Perlin Noise is utilized to introduce procedural variation in material properties within the simulation environment. This noise function generates smoothly varying random values which are mapped to parameters defining material hardness. By applying Perlin Noise, the simulation creates a continuous spectrum of material resistance, rather than discrete, uniform properties. This approach ensures the reinforcement learning agent is exposed to a diverse range of scraping challenges, encompassing both easily scraped and more resistant materials, thereby improving the generalizability and robustness of the learned scraping policy. The parameters of the Perlin Noise, including frequency and amplitude, are adjustable to control the degree of variation and the overall distribution of material hardness within the simulated environment.
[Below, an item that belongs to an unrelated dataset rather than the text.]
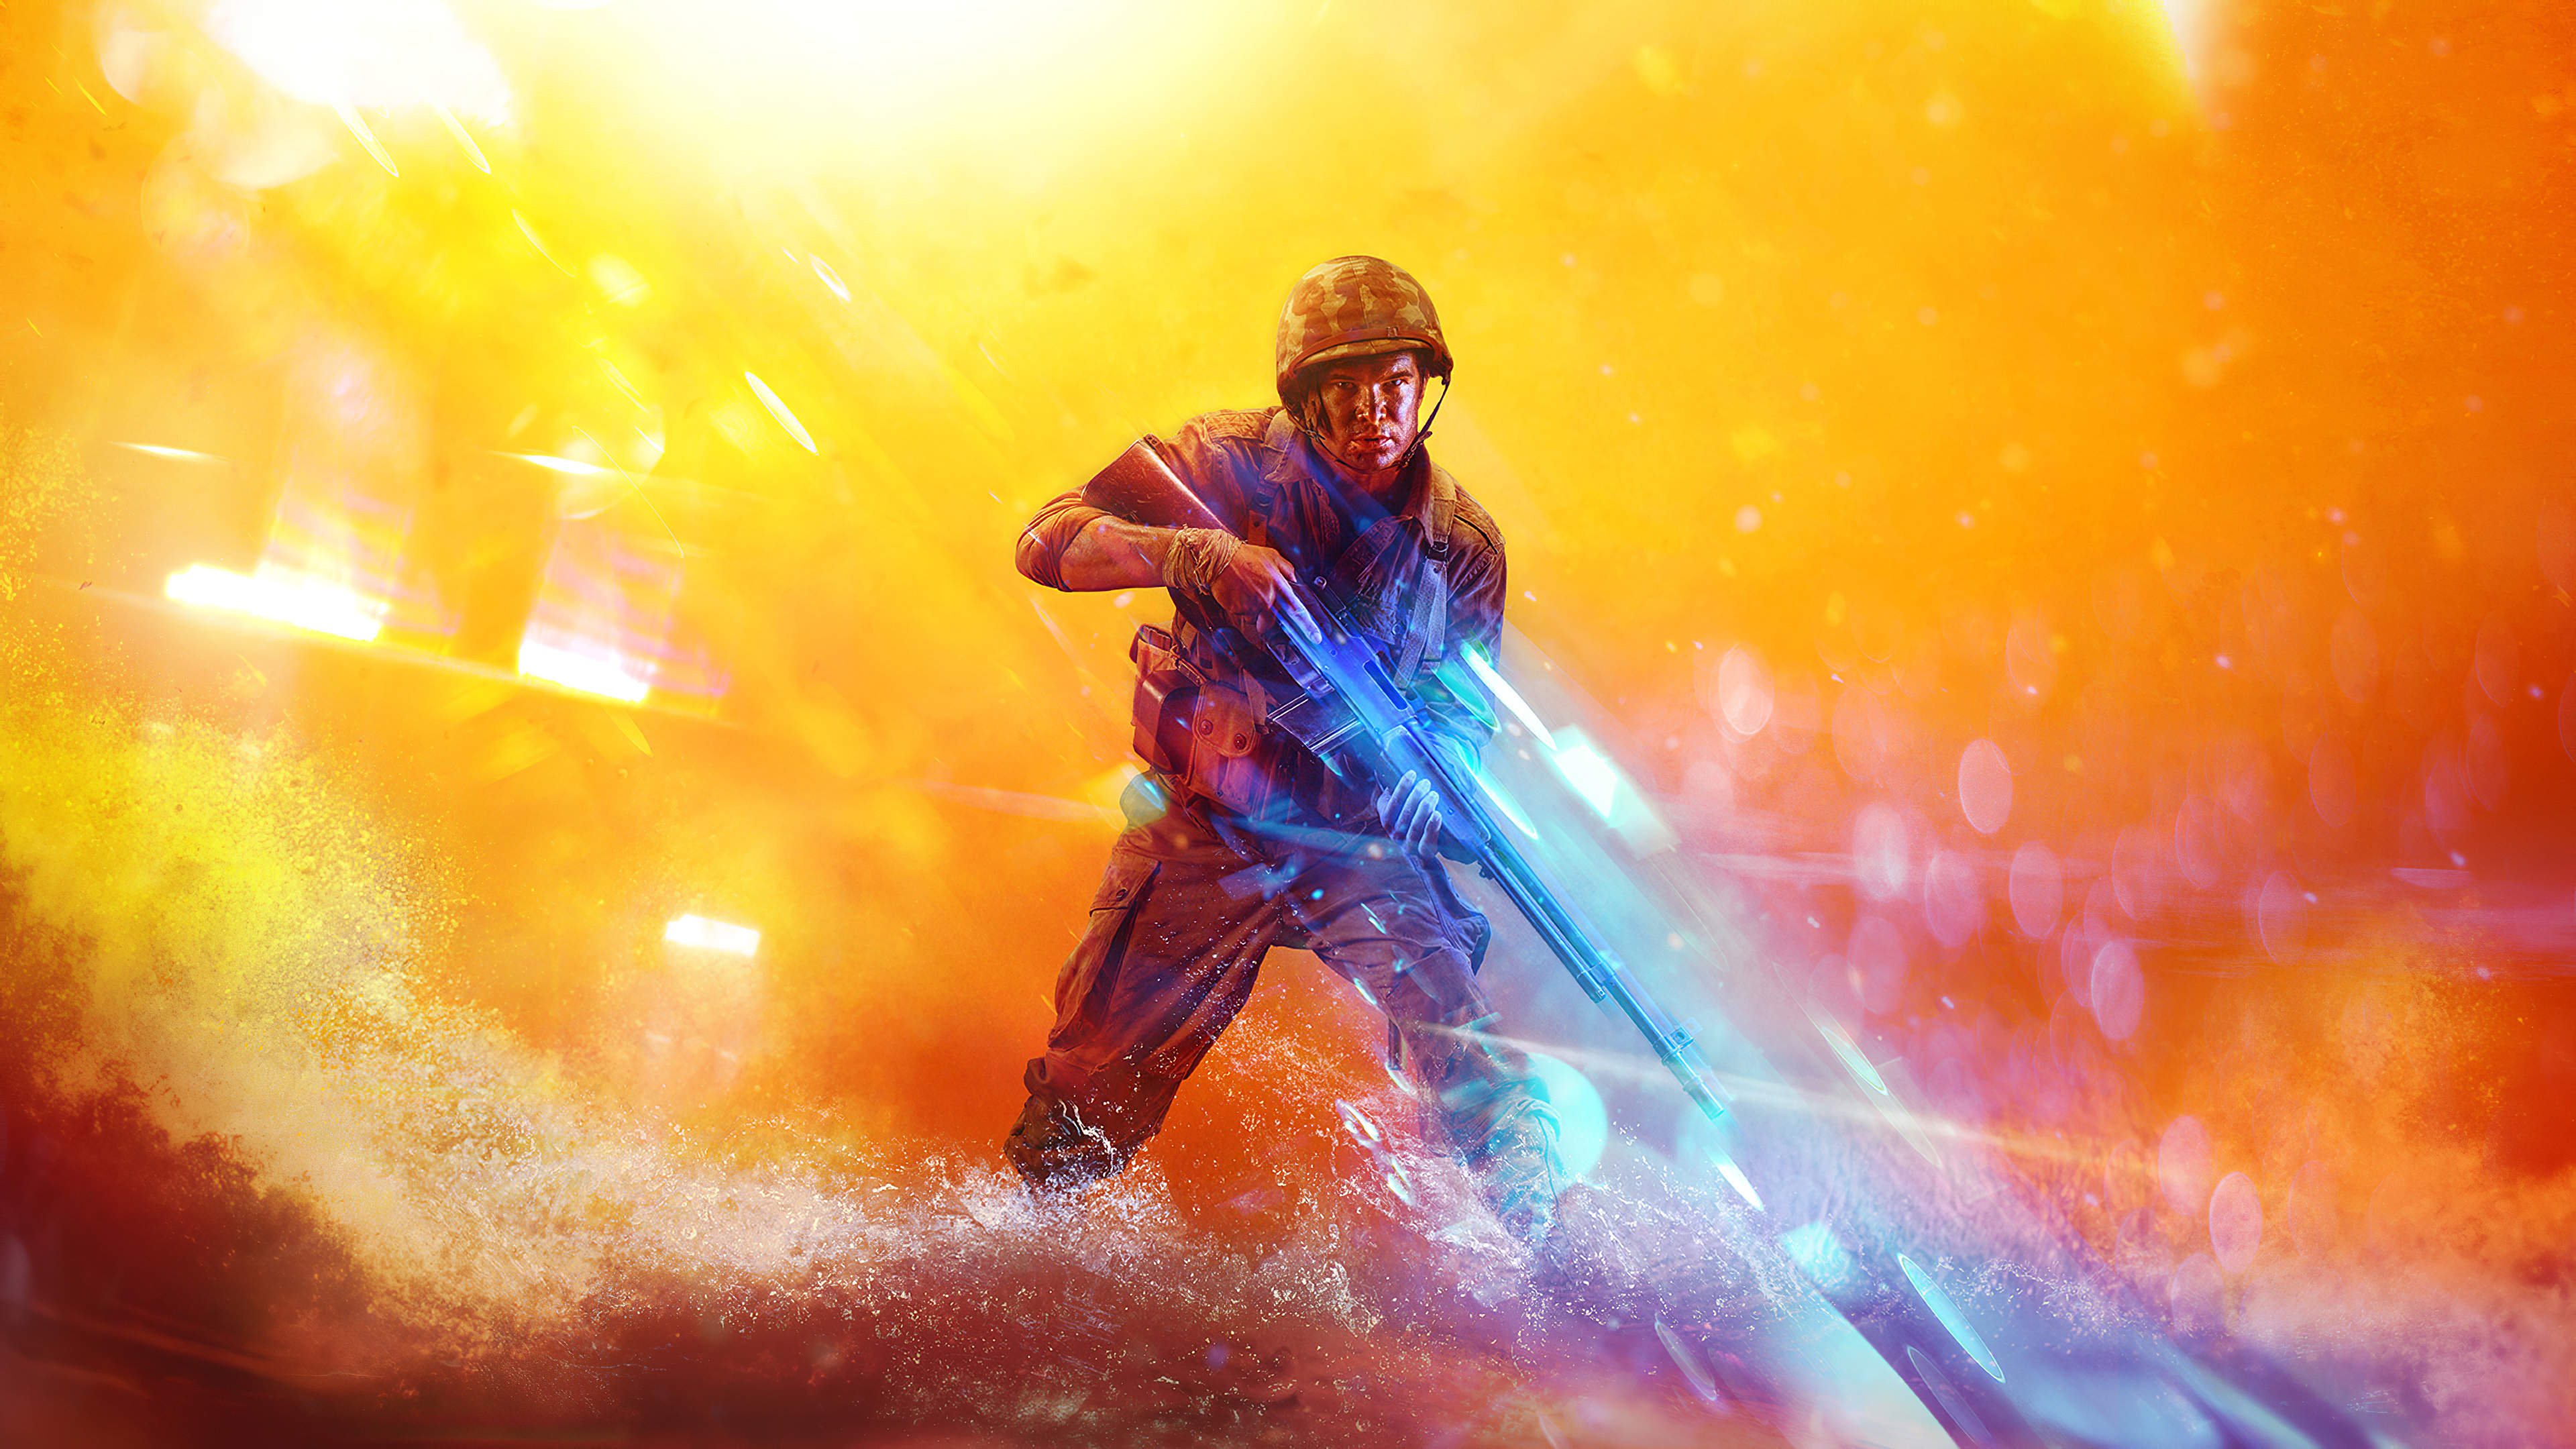 4k Battlefield 5 2019 Wallpaper Hd Games 4k Wallpapers

The perception pipeline within the simulation utilizes a multi-stage process for accurate object and material identification. Initially, YOLO Object Detection identifies the vial and sample as discrete objects within the camera frame. Subsequently, GrabCut segmentation isolates the sample material from the background and vial, creating a precise mask. Finally, K-Means Clustering analyzes the color data within the segmented sample region to differentiate between varying material types – effectively classifying the sample’s composition. This integrated approach ensures reliable identification and segmentation of the target material, providing crucial data for the reinforcement learning agent.
The simulation environment facilitates reproducible research and rapid iteration on the reinforcement learning (RL) agent’s scraping policy by offering precise control over environmental parameters and allowing for the systematic variation of material properties and object configurations. This control enables researchers to isolate and evaluate the agent’s performance under specific conditions, and to generate a diverse dataset of scenarios for training without the limitations or costs associated with real-world experimentation. Furthermore, the simulation provides ground truth data for accurate performance metrics, including scraping success rate, material recovery yield, and collision frequency, which are essential for objective policy evaluation and comparison.
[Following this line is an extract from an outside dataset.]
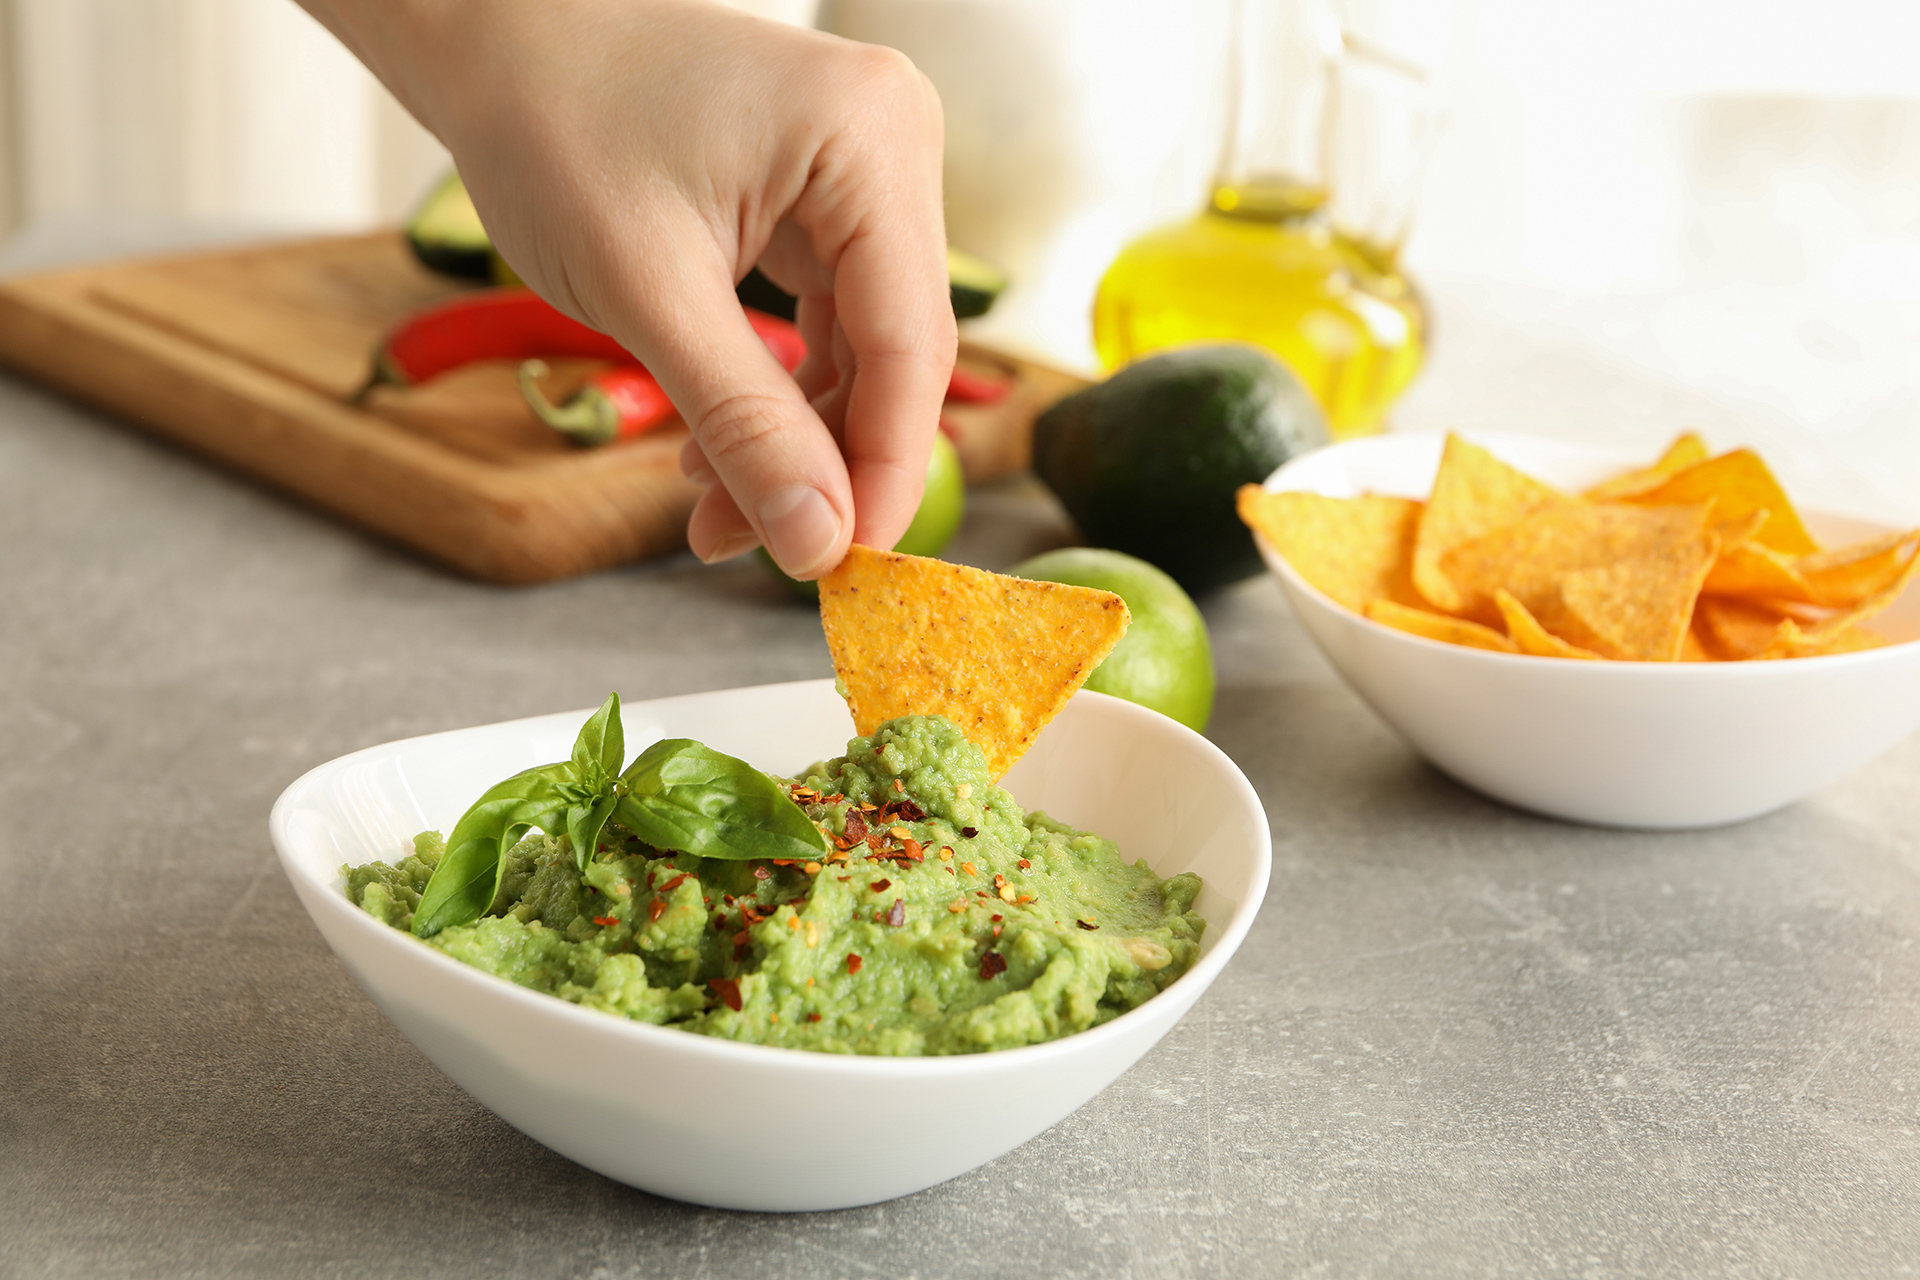 Homemade guacamole sauce recipe

![The perception pipeline processes RGB-D input by localizing vials with YOLO[23], segmenting them via GrabCut[9], isolating front-facing material using depth filtering, removing the spatula with color-based filtering, and finally identifying material clusters with K-means, represented by centroids ([latex]c_{x}, c_{y}, c_{z}[/latex]) and residue percentages ([latex]p_{p}[/latex]).](https://arxiv.org/html/2603.10979v1/figures/perception_pipeline.png)
Bridging the Reality Gap: Enhancing Transfer with Domain Randomization
To bridge the gap between simulated training and real-world application, domain randomization systematically introduces variability into the simulation itself. Rather than striving for a perfectly accurate model of reality, this technique intentionally randomizes parameters such as lighting conditions, object textures, and even physical properties like friction and mass. This forces the reinforcement learning agent to develop a policy that isn’t reliant on specific, idealized simulation conditions. By experiencing a wide range of scenarios during training, the agent learns to generalize its behavior, becoming more robust and adaptable when deployed in the unpredictable environment of a real-world task. Consequently, the resulting policy exhibits improved performance and reliability, minimizing the detrimental effects of the ‘reality gap’ often encountered in robotic control.
The efficacy of a reinforcement learning agent often hinges on its ability to perform reliably in unpredictable, real-world scenarios. To address this, researchers employ domain randomization, a technique that deliberately introduces variability into the training simulation. By systematically altering elements such as lighting conditions, surface textures, and even the shapes of objects within the simulated environment, the agent is compelled to learn a more robust and generalized policy. This forces it to move beyond memorizing specific configurations and instead focus on core principles governing successful task completion, effectively preparing it to adapt to the inevitable discrepancies between simulation and reality. The result is an agent less susceptible to minor environmental changes and better equipped to execute tasks in previously unseen conditions.
To effectively navigate the complexities of the randomized simulation, the Proximal Policy Optimization (PPO) algorithm was implemented as the core training methodology for the reinforcement learning agent. PPO’s efficiency stems from its ability to iteratively refine the agent’s policy, taking cautious steps to avoid drastic performance drops during updates – a crucial feature when operating within a constantly shifting simulated environment. This approach allowed for stable and rapid learning, enabling the agent to quickly adapt to the wide range of randomized parameters, including variations in lighting, textures, and object geometries. By maximizing reward accumulation across these diverse conditions, the agent developed a robust policy capable of generalizing beyond the specific scenarios encountered during training, ultimately facilitating successful transfer to real-world scraping tasks.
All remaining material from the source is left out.